No, really, think about it.  The average American now has ten or twelve thousand dollars in credit card debt.  The nation has incurred, on our "behalf" a debt averaging $30,000 (that was months ago, more by now I'm sure!) per person.

I'm not too impressed by the record of my fellow Americans.  (My worst credit card debt ever was about $3000 and it took me years to get out of it.)  But compared to the Federal Government, we are circumspect!  There is no doubt in my mind that we have the government beaten all hollow when it comes to living within our means!

Obviously, given the economic climate, we as individuals cannot afford to incur more debt.  Which means we can't spend a lot more than we already have.  So if our spending is the single most important thing for the economy, how come the money isn't being given to us?

Hey, what do we care if the banks go down?  That would wipe out our credit card debt, wouldn't it?

Well, okay, I'm not really serious.  I've bought the company line that we need our financial institutions "stable."  I just can't figure out why we are supposed to care more than they do. 

(Oh, yeah, that's right, they are more cushioned with OUR MONEY than we are.)

So those of you who troll the web, explain this to me.  Why doesn't the government just give us all 700 billion divided by 300 million instead of giving it to the banks?  Even if we just used a lot of it to get out of debt, the banks will be getting it anyway -  via us!  Kill two birds with one stone!

I admit economic ignorance - explain it to me!  Why not?  Why give it to our banks, and not us?

The government is giving one of my banks 10 billion, is it?  I owe them $488.  (Don't worry guys, my check is in the mail!  Wouldn't want you to go hungry without it!)

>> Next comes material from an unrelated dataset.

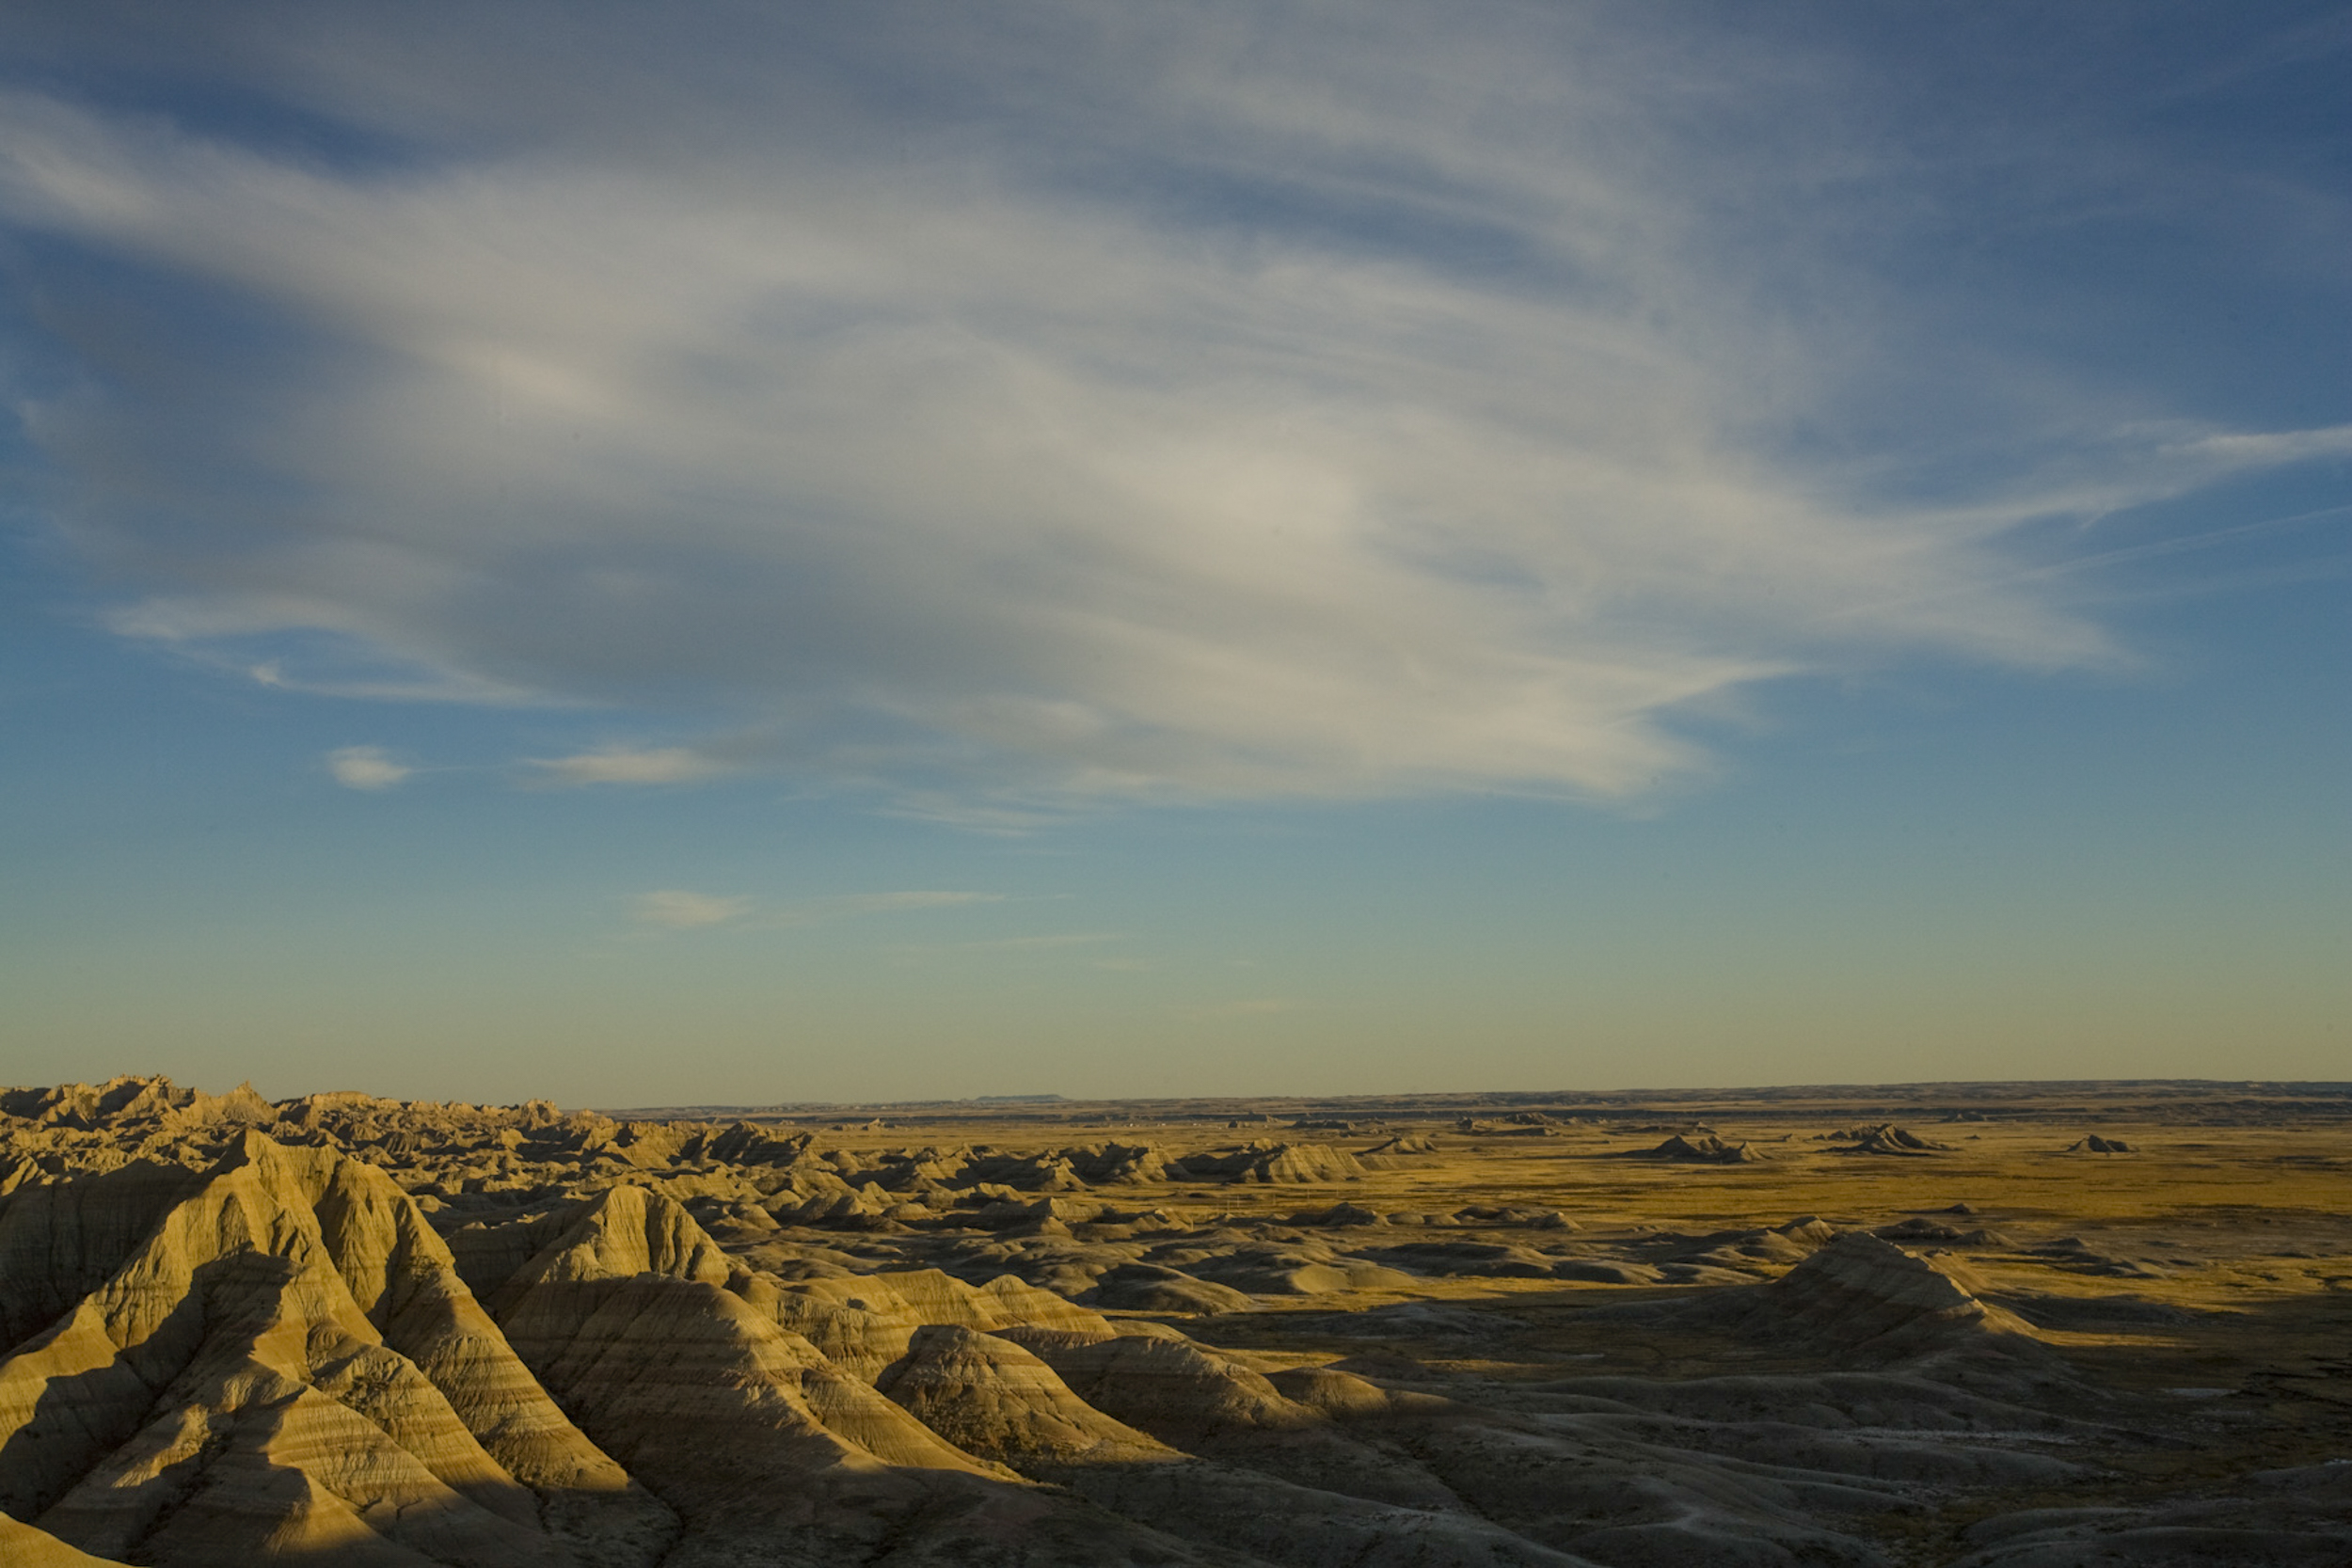  Badlands National Park, South Dakota

October 14, 2008                            Valparaiso, IN

Well, here I am in that "gray place" - Valparaiso - which is right now both gray and wet.

I have missed more days writing here than ever since I started my Rumilluminations, and feel as if I have traveled too far from my inner center.

My two weeks in sunny New Mexico have been a strange admixture of high living and servitude, friendship and slavery, family reunion and voluntary trudgery.  (In some of the old days I walked around Santa Fe in self-imposed drudgery, car-less by choice and needing to do errands, heat or no.  This time I walked around mostly for fun.  And fun it was!  (Mostly!))

My personal family reunion epiphany came on a walk, too.  My kids wanted to walk up to the Cross of the Martyrs one night to see the city and the sparkly lights from above. I was a little hesitant, even though I knew it was now bricked instead of a very dusty rocky road.  Maybe memories of slogging it at the end of a very long day of motherhood on Good Friday with small children in tow slowed my steps towards the place.

I went along though, and as we neared the top, I was a little behind my children.  It had taken some doing to get us all together for this one evening, my last night in Santa Fe, and the three of them were forging ahead, talking about I did not know what.

It reminded me of when I was a child, walking behind my sister and her friends.  I was out of it, but it wasn't a terrible place to be.  I could contemplate the world - and them - in peace.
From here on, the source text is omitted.